The AdonAi software creates the following processes once it enters the system: 

• %Temp%\exploit.win32.adonai\exploit.win32.adonai;
• %Temp%\exploit.win32.hmd\exploit.win32.hmd;
• %Temp%\Packed.Win32.Tibs.d\Packed.Win32.Tibs.d;
• %Temp%\Exploit.Win32.MS04-034.b\Exploit.Win32.MS04-034.b;
• %Temp%\Packed.Win32.Klone.b\Packed.Win32.Klone.b;
• and %Temp%\Packed.Win32.Klone.e\Packed.Win32.Klone.e.

These allow the AdonAi application to manipulate Web browser settings and create a backdoor for hackers.

The AdonAi program then stops the remote access connection manager, application layer gateway service and telephony to completely invade the user’s browser and connection:

The hacker Del_Armg0 reportedly developed the AdonAi program. The AdonAi application can allegedly be accessed at http://hammer.prohosting.com/~dellya.

Other names commonly used to identify the application are:

• Win32/Adonai;
• Win32/Adonai.A.Trojan;
• Backdoor.Win32.Celine;
• BackDoor-OY;
• Bck/Celine;
• Win32.Celine;
• Win32/Celine Trojan;

and Exploit.Win32.Adonai.

The AdPartner program is an adware that displays obtrusive pop-up ads.

The AdPartner application inserts search tools and browser helper objects to the Internet Explorer. It modifies the settings of the Web browser without asking for permission from the user. It shows advertisements frequently without any user intervention.

The AdPartner program installs itself into the victim’s computer without him knowing about it. Moreover, it does not offer a way for the user to uninstall it. The vx2x.nls file and the apslp.dll module are part of AdPartner, both of which gather information regarding the websites visited by the user, creating log files and then sending them to a particular computer.

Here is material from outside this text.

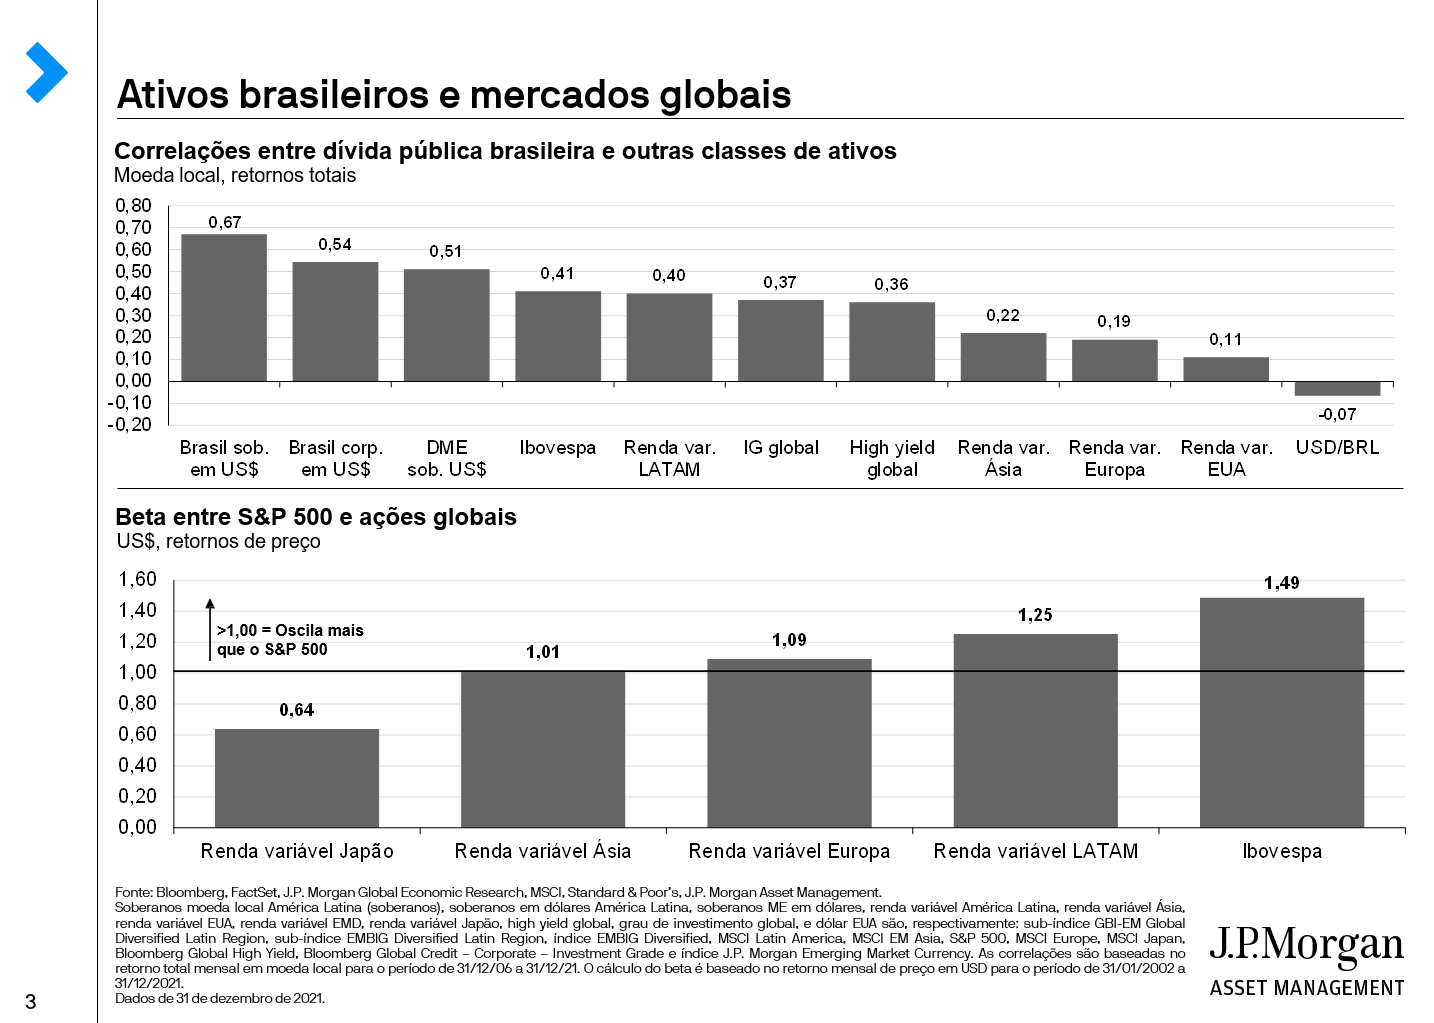 Brazilian assets and global markets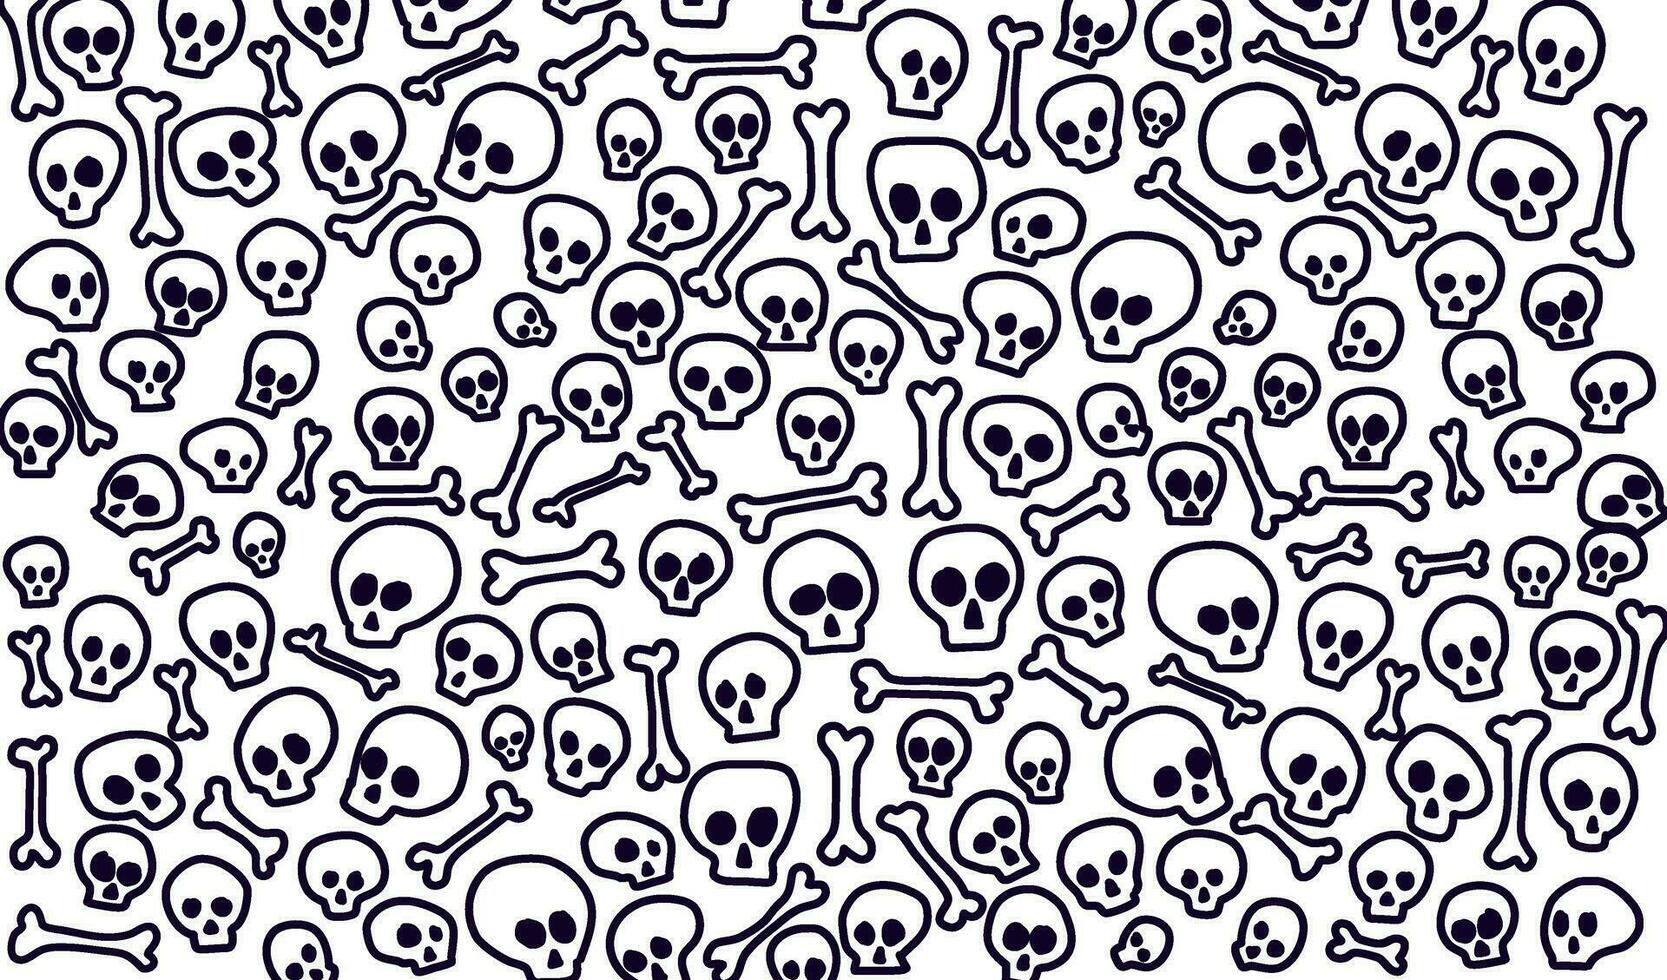 skull doodle background. skull pattern background. skull doodle wallpaper. skull doodle print fabric. vector

This adware is also a Layered Socket Provider (LSP) that monitors all Internet traffic to and from the victim’s computer. The aplsp.dll component attempts to inject itself into the TCP/IP stack through the application of the Winsock API. The AdPartner program then processes all Internet traffic and submits a report to another computer connected to the Internet for analysis of the user’s interests for a more effective and targeted advertising through unsolicited e-mail.

The effects of the AdPartner program on the infected computer and its user may result to sudden appearances of exasperating ads on the screen while the user is surfing the Web.  There may also be a reduction of the user’s productivity as a result of these disturbing ads because the user has to click on a pop-up ad to shut it down every time it appears.

The program is capable of slowing down the computer’s speed in processing legitimate programs, thereby causing further reduction in productivity. There is also a bigger possibility that a cyber criminal would exploit the capability of AdPartner to track the user’s activities for criminal pursuits such as theft and blackmail. The registry key of the Winsock catalog may also be corrupted if the user attempts to unregistered this adware and does it improperly.